Décisions de la Cour d'appel fédérale

Informations sur la décision

Contenu de la décision

Date : 20240412


Dossier : A-222-20

Référence : 2024 CAF 70

[TRADUCTION FRANÇAISE]

CORAM :

LE JUGE LASKIN

LA JUGE MACTAVISH

LA JUGE MONAGHAN

 

ENTRE :

 

 

LE MINISTRE DE LA SÉCURITÉ PUBLIQUE ET DE LA PROTECTION CIVILE

 

 

appelant

 

 

et

 

 

ABEL NAHUSENAY YIHDEGO

 

 

intimé

 

Audience tenue à Toronto (Ontario), le 19 mars 2024.

Jugement rendu à Ottawa (Ontario), le 12 avril 2024.

MOTIFS DU JUGEMENT :

LA JUGE MACTAVISH

Y ONT SOUSCRIT :

LE JUGE LASKIN

LA JUGE MONAGHAN

 


Date : 20240412


Dossier : A-222-20

Référence : 2024 CAF 70

CORAM :

LE JUGE LASKIN

LA JUGE MACTAVISH

LA JUGE MONAGHAN

 

ENTRE :

 

 

LE MINISTRE DE LA SÉCURITÉ PUBLIQUE ET DE LA PROTECTION CIVILE

 

 

appelant

 

 

et

 

 

ABEL NAHUSENAY YIHDEGO

 

 

intimé

 

MOTIFS DU JUGEMENT

LA JUGE MACTAVISH

[1] Abel Nahusenay Yihdego a été jugé interdit de territoire au Canada en application des alinéas 34(1)a) et f) de la Loi sur l’immigration et la protection des réfugiés, L.C. 2001, ch. 27 (la LIPR) au motif qu’il est membre d’une organisation dont il y a des motifs raisonnables de croire qu’elle est l’auteur d’actes d’espionnage. Ces dispositions prévoient que les résidents permanents et les ressortissants étrangers sont interdits de territoire pour raison de sécurité s’ils sont membres d’une organisation dont il y a des motifs raisonnables de croire qu’elle est, a été ou sera l’auteur de tout acte d’espionnage « dirigé contre le Canada ou contraire aux intérêts du Canada ».

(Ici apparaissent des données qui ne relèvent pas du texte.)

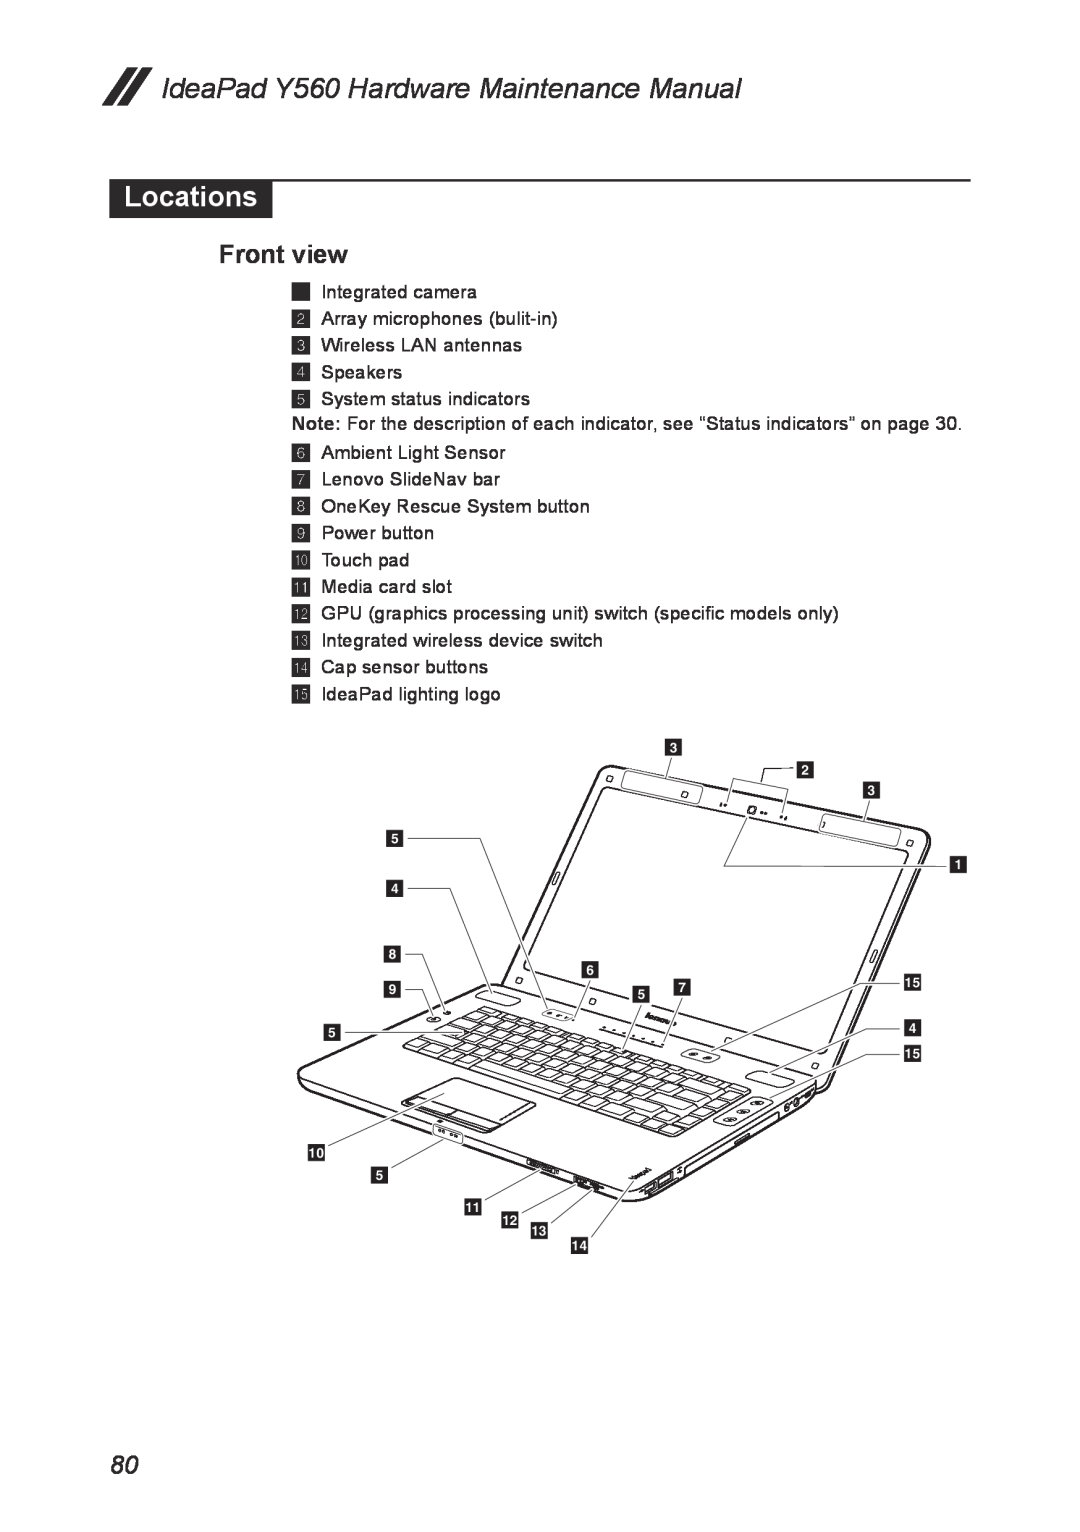 Lenovo manual Locations, Front view, IdeaPad Y560 Hardware Maintenance Manual 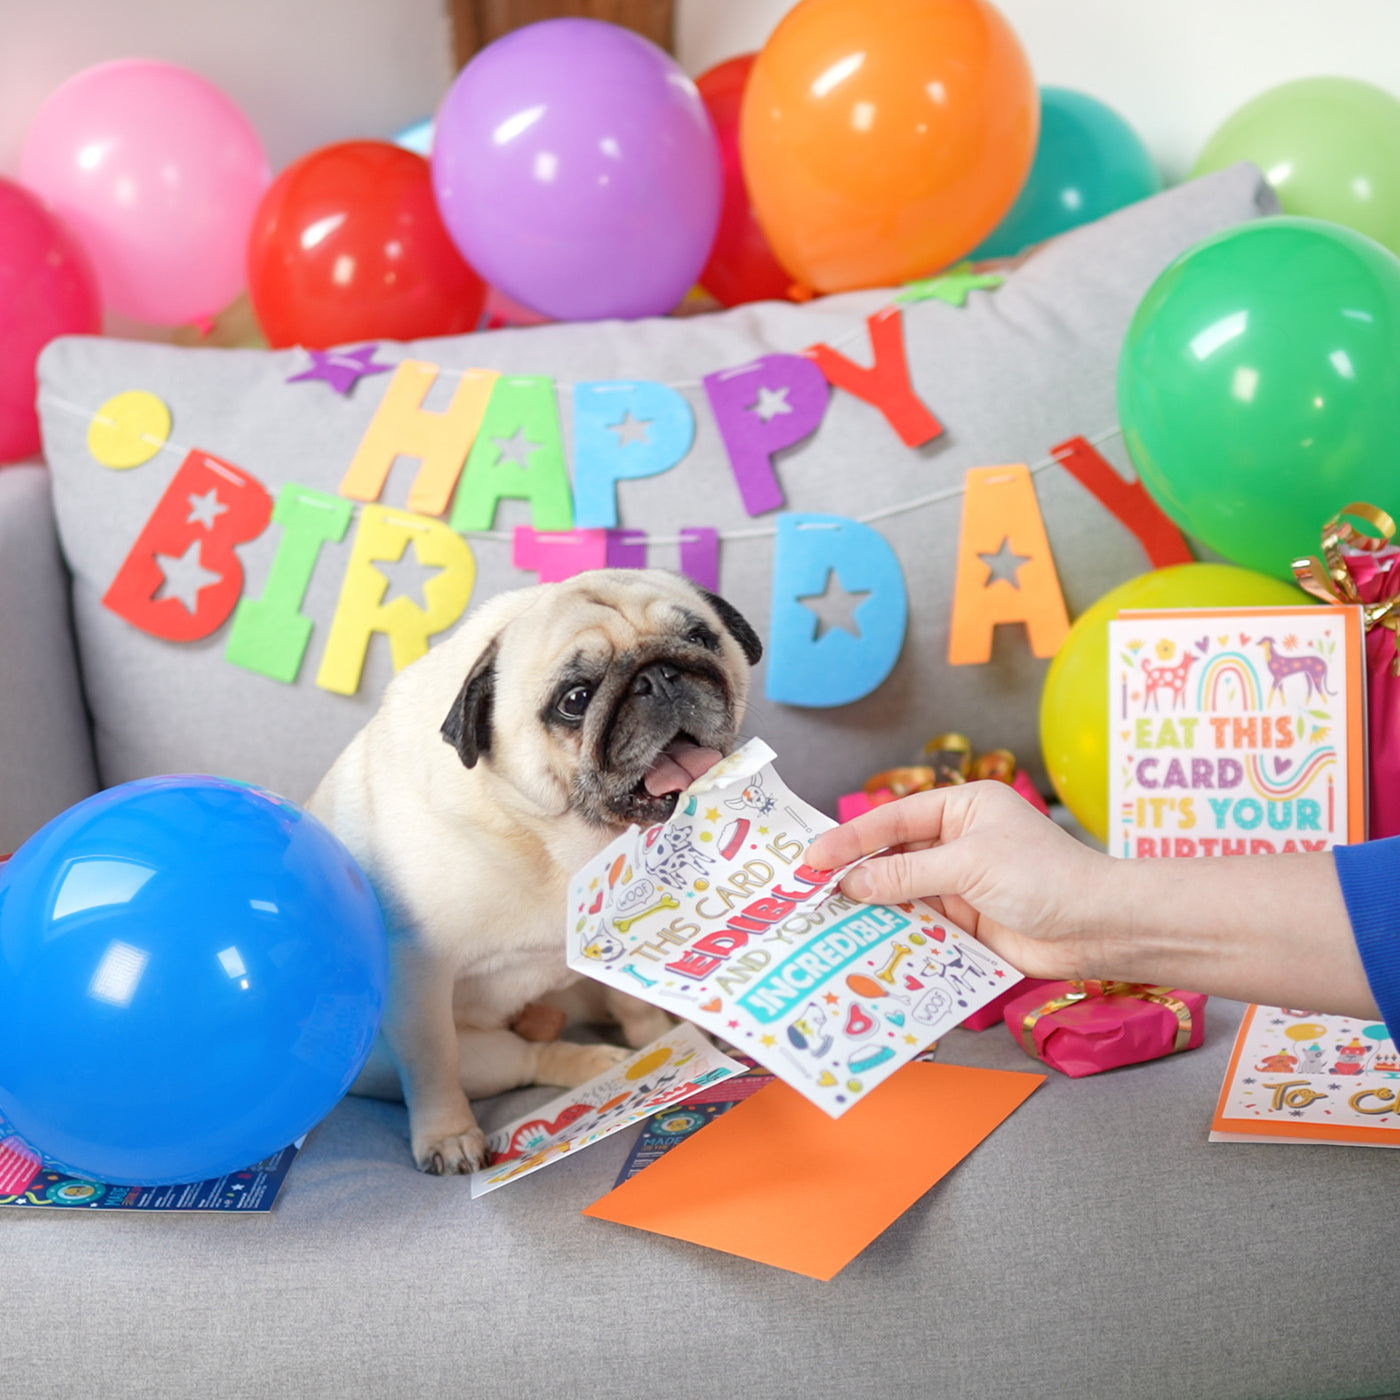 Heartfelt Birthday Messages for Your Beloved Dog

[2] M. Yihdego ne nie pas qu’il a été membre d’une organisation qui a été l’auteur d’actes d’espionnage. Pour sa part, le ministre de la Sécurité publique et de la Protection civile (le ministre) n’allègue pas que les actes d’espionnage dont l’organisation en question a été l’auteur étaient « dirigé[s] contre le Canada ». La seule question en litige dans le présent appel consiste donc à savoir si la Section de l’immigration de la Commission de l’immigration et du statut de réfugié a raisonnablement conclu que les actes d’espionnage en cause étaient « contraire[s] aux intérêts du Canada » au sens où on l’entend à l’alinéa 34(1)a) de la LIPR. Pour parvenir à cette conclusion, la Section de l’immigration a estimé que, selon cet alinéa, il n’était pas nécessaire que les actes d’espionnage en cause soient liés à la sécurité nationale du Canada ou à ses intérêts en matière de sécurité.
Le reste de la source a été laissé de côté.